> [DATA FOR THIS TASK]
Content starts
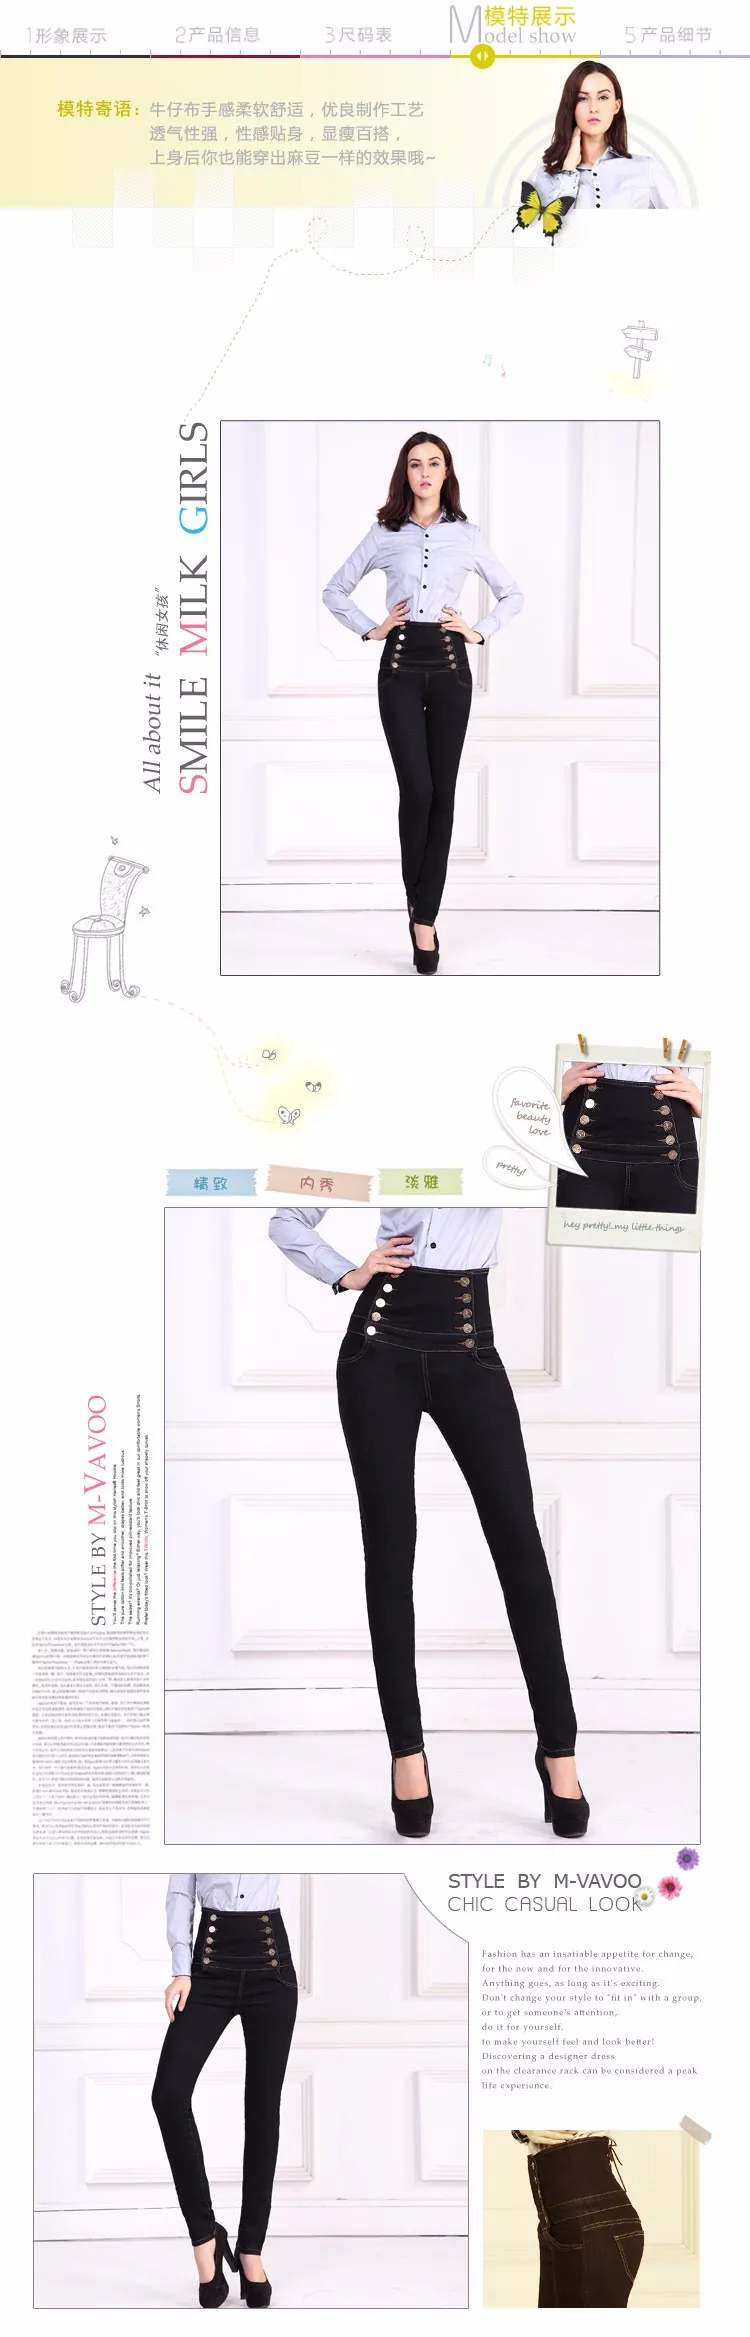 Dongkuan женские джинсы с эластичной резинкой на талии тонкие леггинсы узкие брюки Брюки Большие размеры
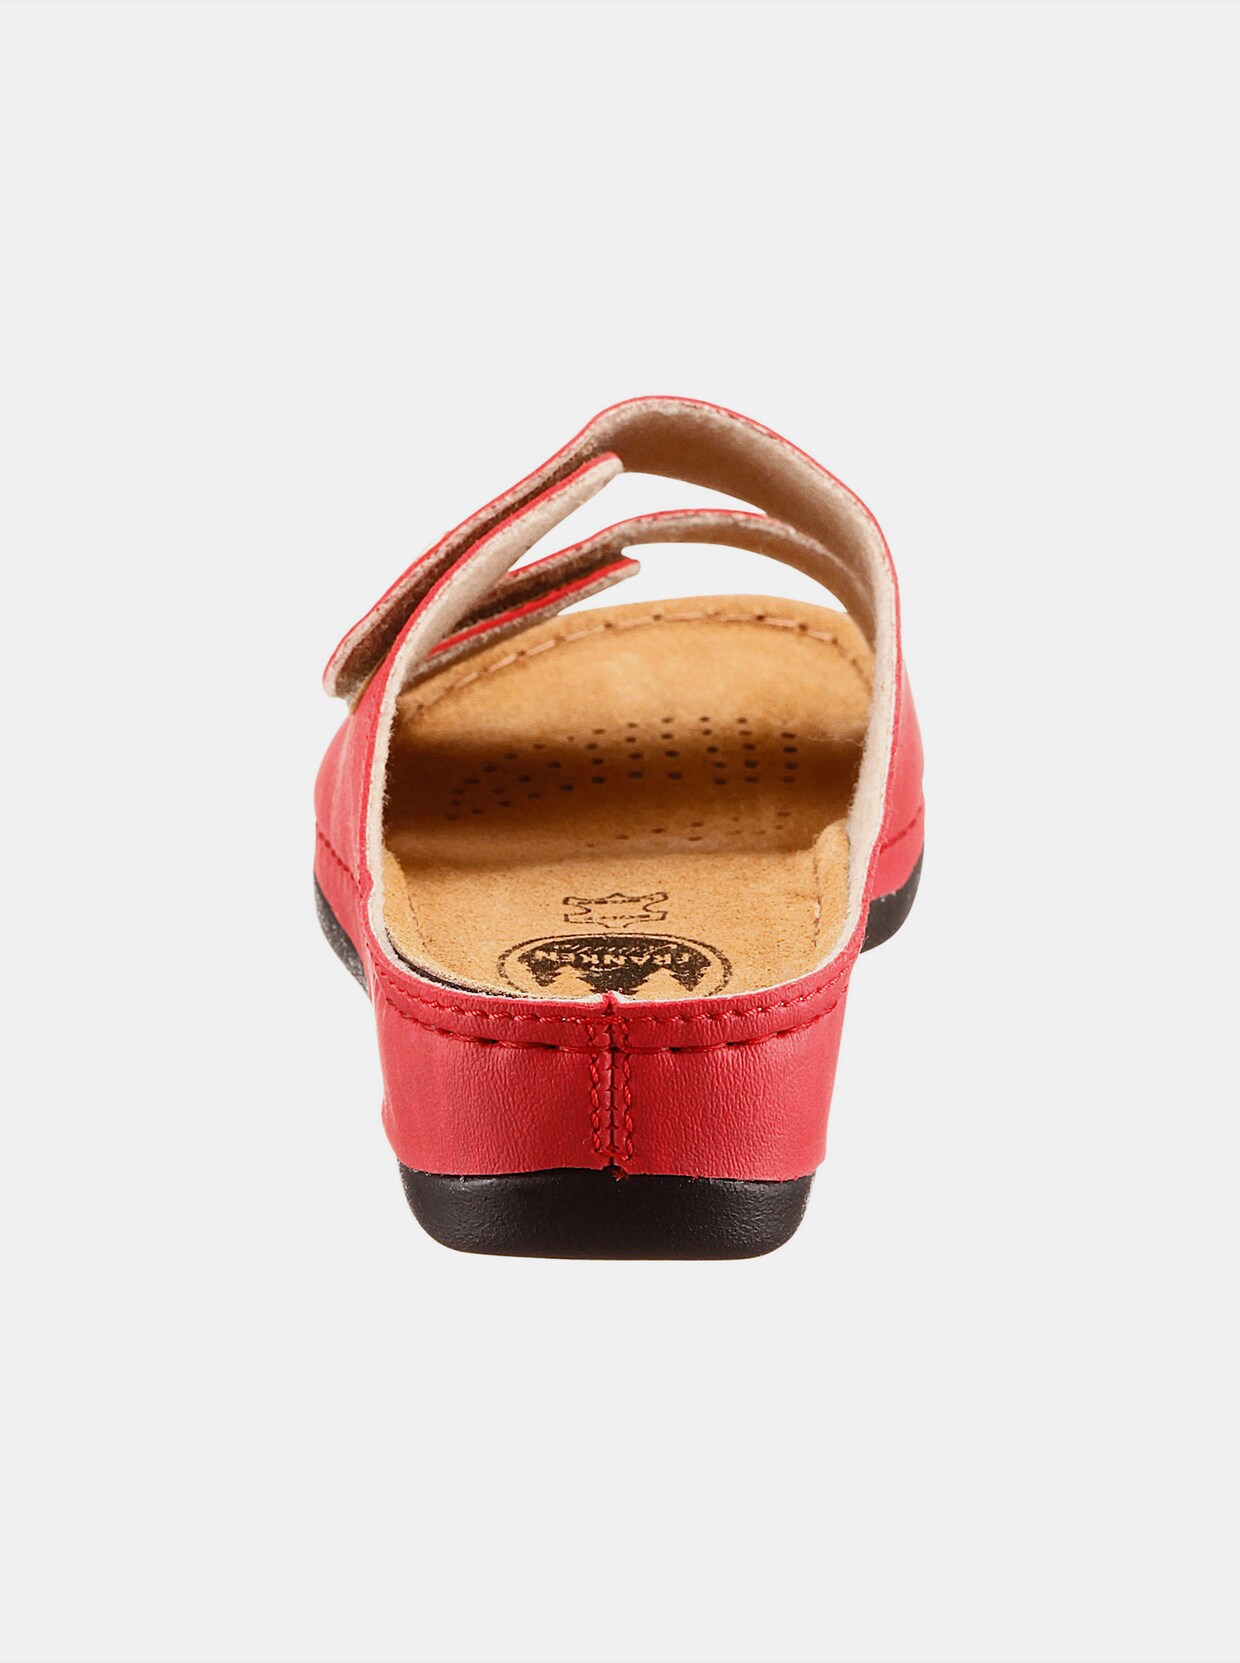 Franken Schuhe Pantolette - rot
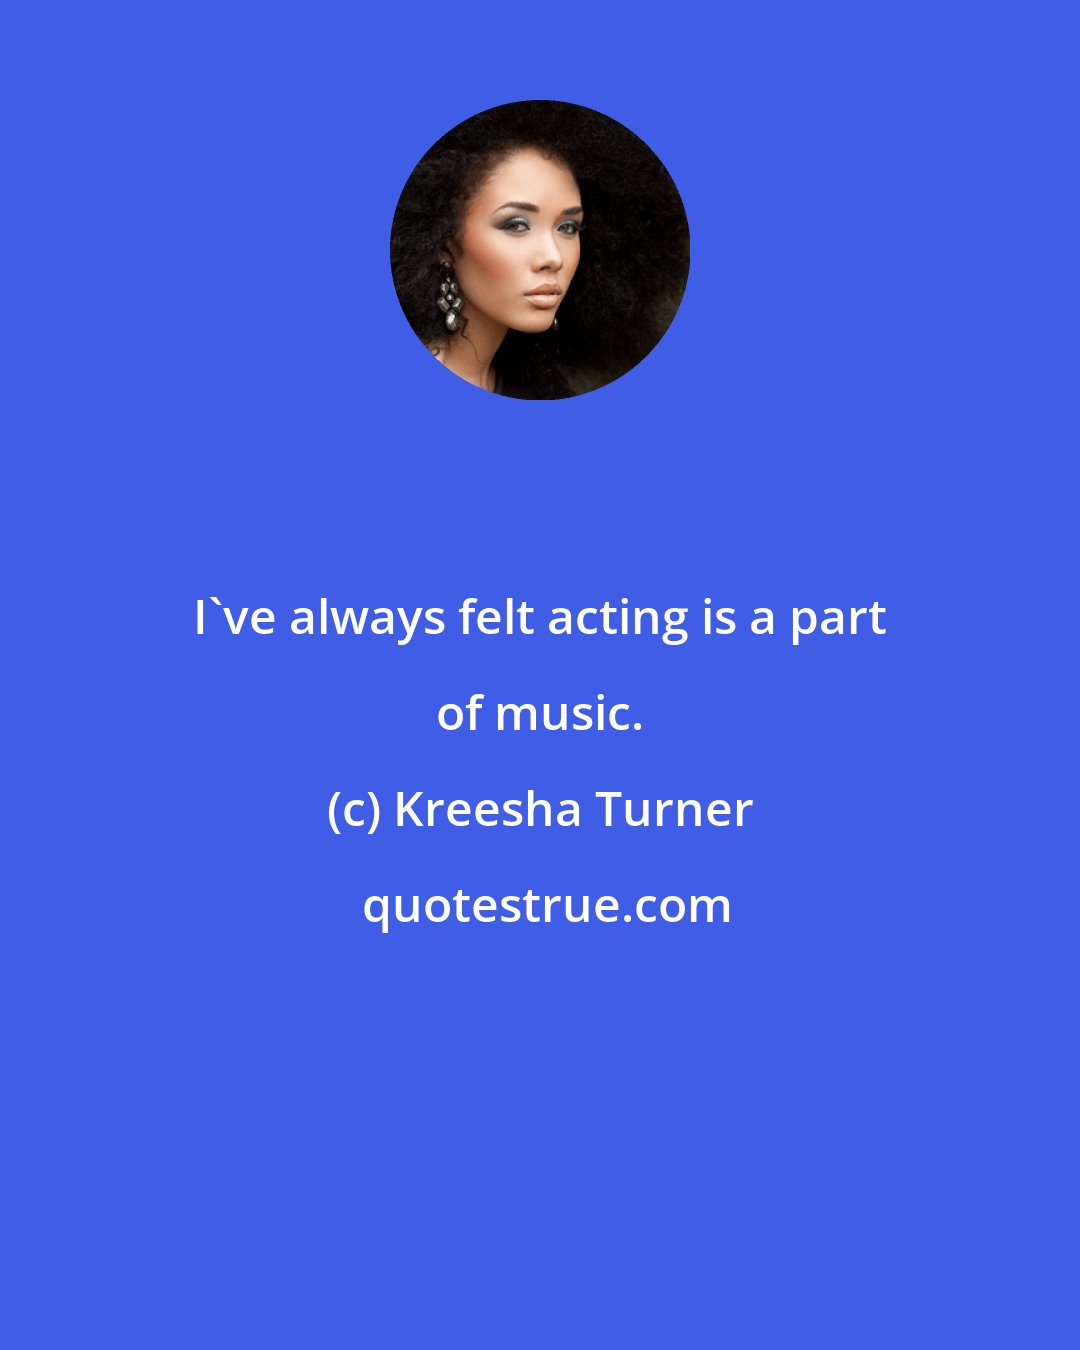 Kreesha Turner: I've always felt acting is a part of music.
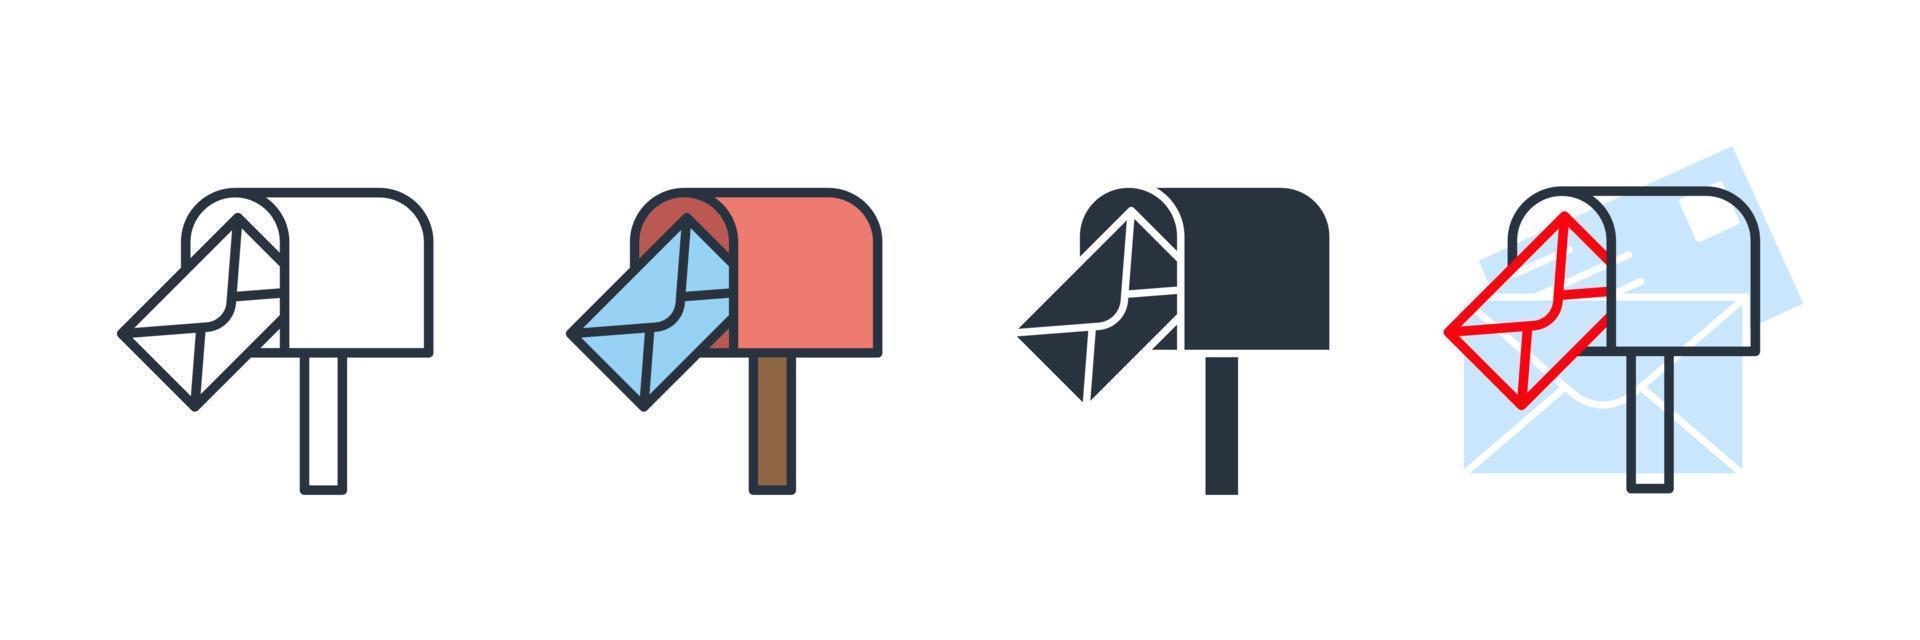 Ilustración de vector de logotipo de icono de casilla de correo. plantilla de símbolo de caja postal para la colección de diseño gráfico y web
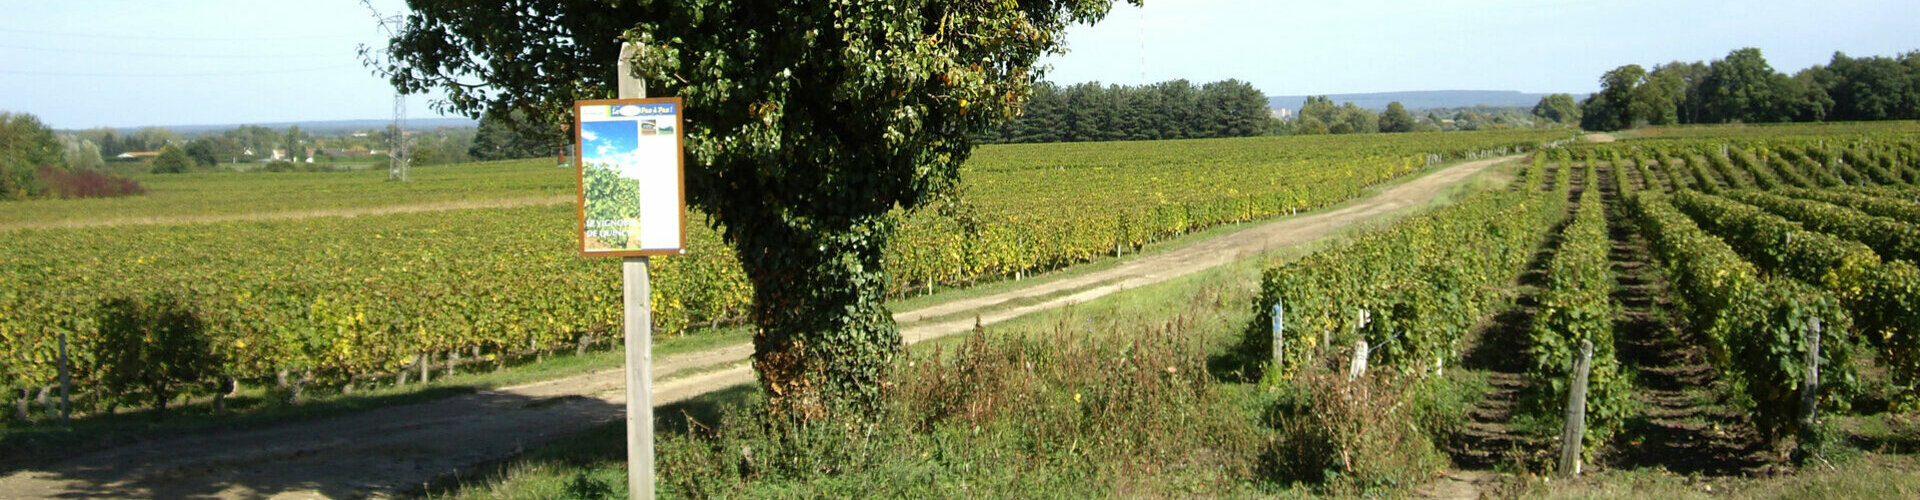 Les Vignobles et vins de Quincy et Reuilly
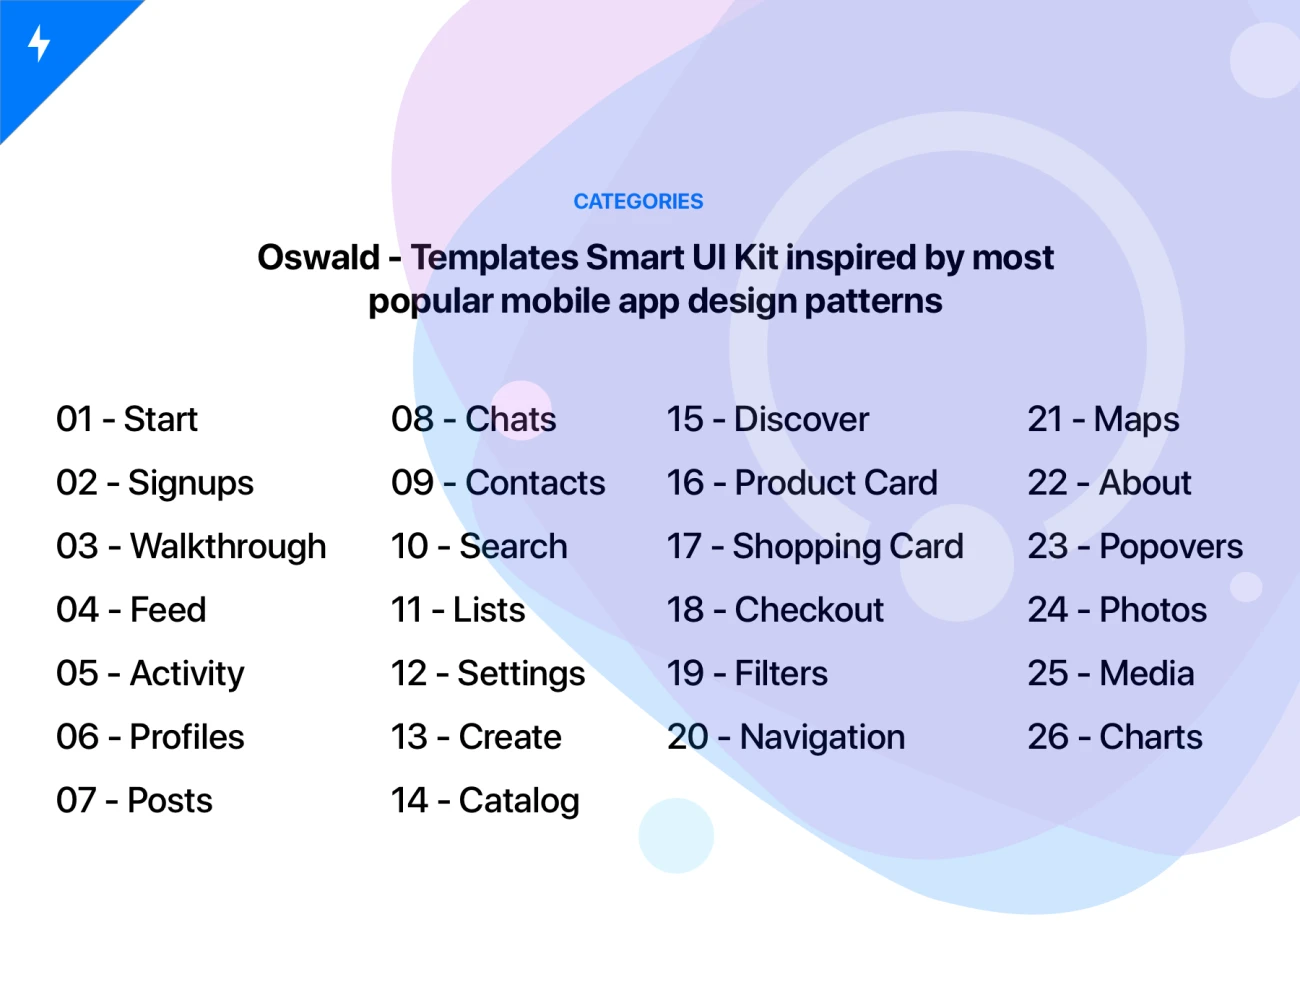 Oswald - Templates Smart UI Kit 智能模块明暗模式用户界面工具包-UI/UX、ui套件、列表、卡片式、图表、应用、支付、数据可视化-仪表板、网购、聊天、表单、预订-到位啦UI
Content ends
Repeat exactly the lines from the one holding "Kreesha Turner: I've" through the last line of the entries, both included; the pictures do not belong in the copy.

 Kreesha Turner: I've always felt acting is a part of music.
 Ilustración de vector de logotipo de icono de casilla de correo. plantilla de símbolo de caja postal para la colección de diseño gráfico y web
 Les Vignobles et vins de Quincy et Reuilly
 Oswald - Templates Smart UI Kit 智能模块明暗模式用户界面工具包-UI/UX、ui套件、列表、卡片式、图表、应用、支付、数据可视化-仪表板、网购、聊天、表单、预订-到位啦UI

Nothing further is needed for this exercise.